Boston Red Sox
- Executive Vice President / Assistant General Manager
- Born: Cumberland, Rhode Island, U.S.

Teams
- Boston Red Sox (1999–present);

= Raquel Ferreira =

American baseball executive

Raquel Ferreira is an American baseball executive who is an executive vice president and assistant general manager for the Boston Red Sox of Major League Baseball (MLB). In 2014, she became the third female vice-president of baseball operations in MLB history.

== Baseball career ==
Ferreira was first hired by the Boston Red Sox in 1999 as an administrative assistant by Kent Qualls. In 2003, she was promoted to Director of Minor League Administration by then general manager Theo Epstein. In 2004, she played a key role in the team's rookie development program.
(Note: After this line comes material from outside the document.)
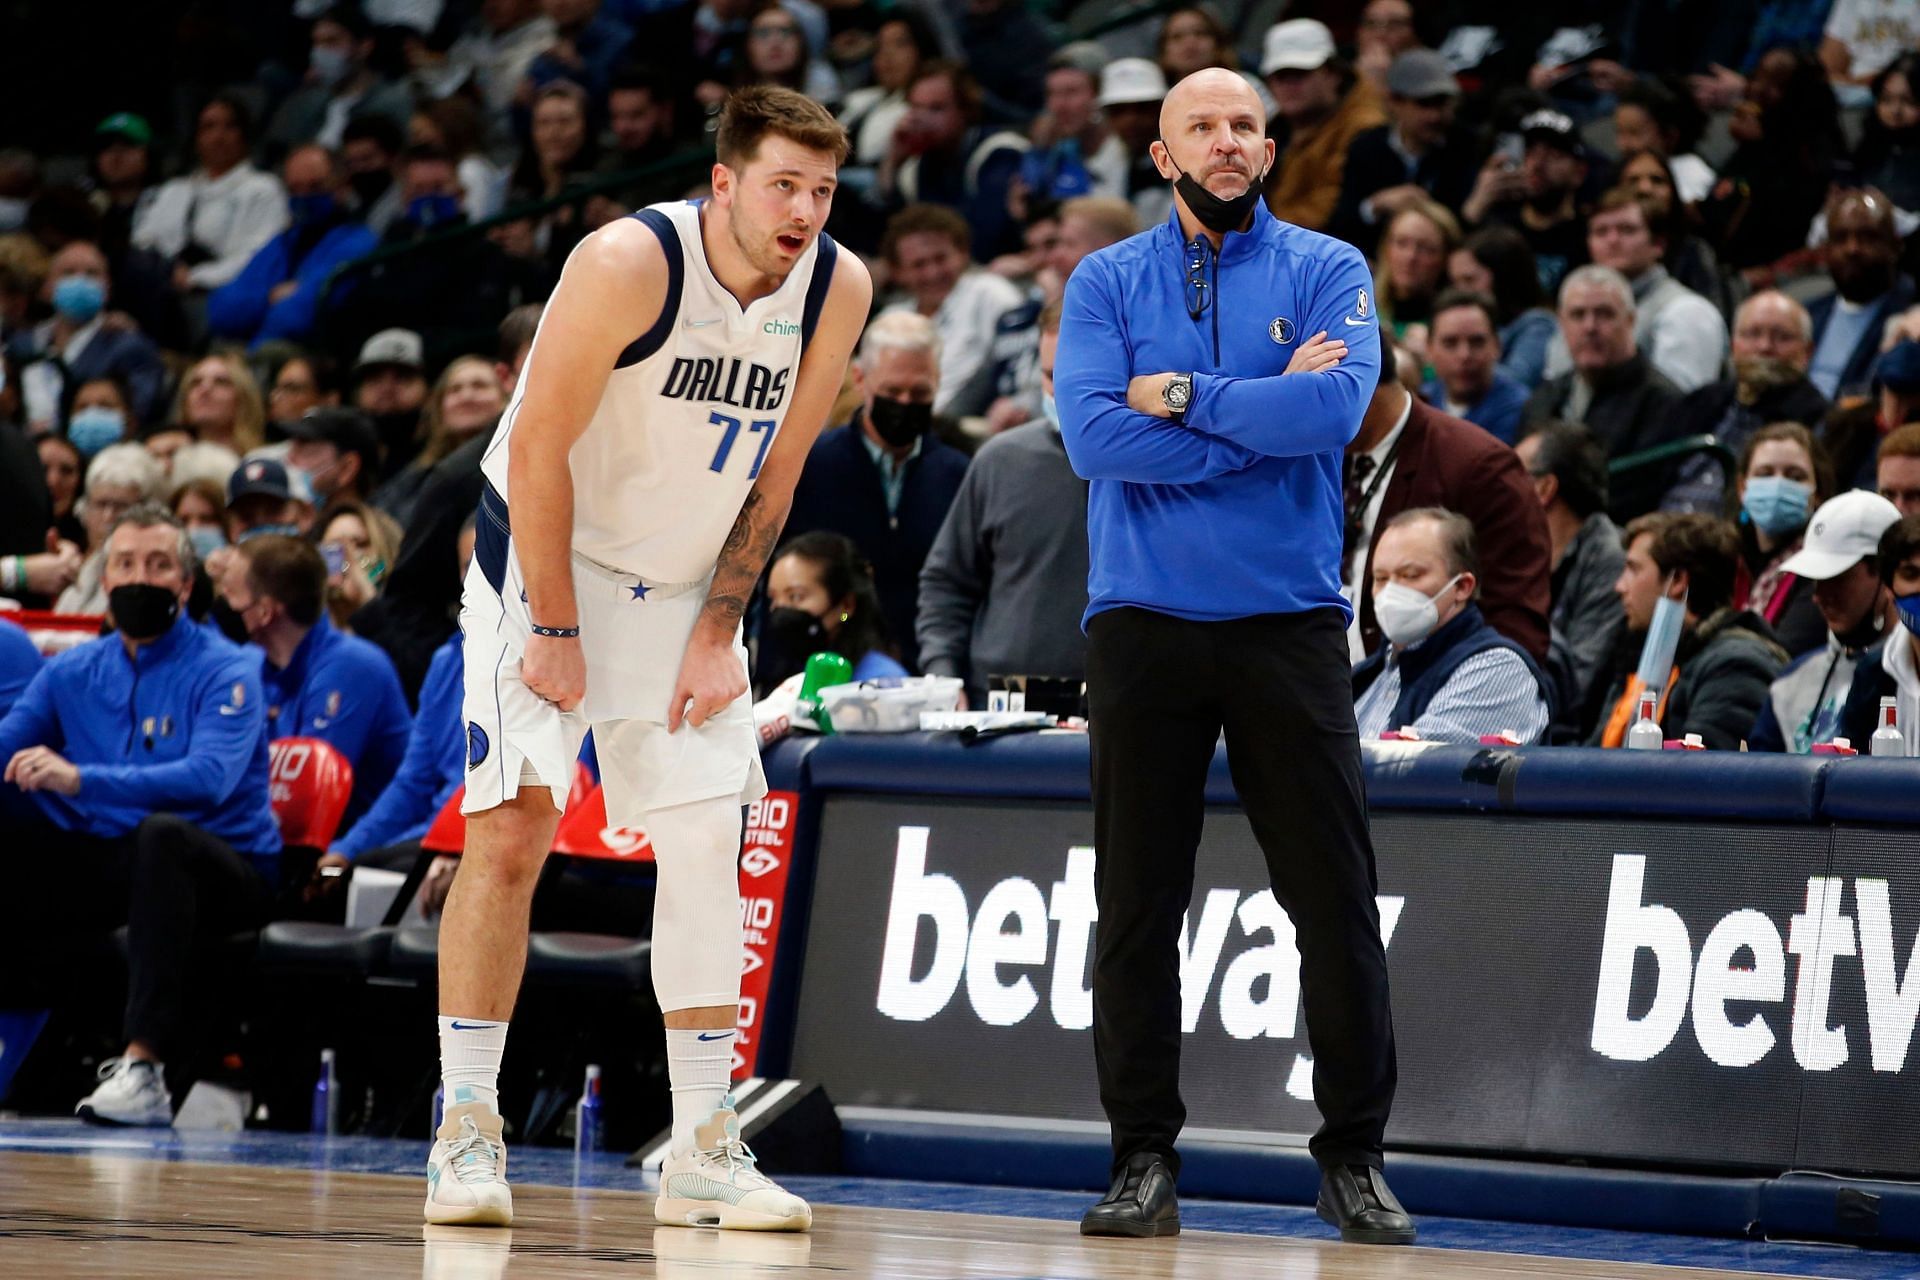 Luka Doncic and Jason Kidd watch on during a game.

In late 2014, Ferreira was promoted to Vice President of Baseball Administration, making her the third female vice-president of baseball operations in MLB history, joining Jean Afterman and Kim Ng, who have had assistant general manager roles with the New York Yankees and Los Angeles Dodgers, respectively.

Ferreira has led large player signings for the Red Sox, such as the six-year, $120 million contract extension for Xander Bogaerts in April 2019.

In September 2019, Ferreira became part of the interim leadership team—along with assistant general managers Brian O'Halloran, Eddie Romero, and Zack Scott—to oversee the Red Sox baseball operations department after the departure of general manager Dave Dombrowski. Along with additional responsibilities, she became the highest ranking woman in MLB operations and a rare female in charge of an MLB team during the regular season. In December 2019, the Red Sox and Ferreira agreed to a multi-year contract, under which her title is Executive Vice President / Assistant General Manager.

During her tenure with the Red Sox, the team has won four World Series championships.

== Personal life ==
Ferreira was born and raised in Cumberland, Rhode Island, the daughter of Gamaliel and Lotty Ferreira, immigrants from Cape Verde. Ferreira graduated from the University of Rhode Island with a B.A. in Communications in 1992. She grew up watching the Pawtucket Red Sox, the local minor league team.

Ferreira is married to Erik Stamps, with whom she has one daughter.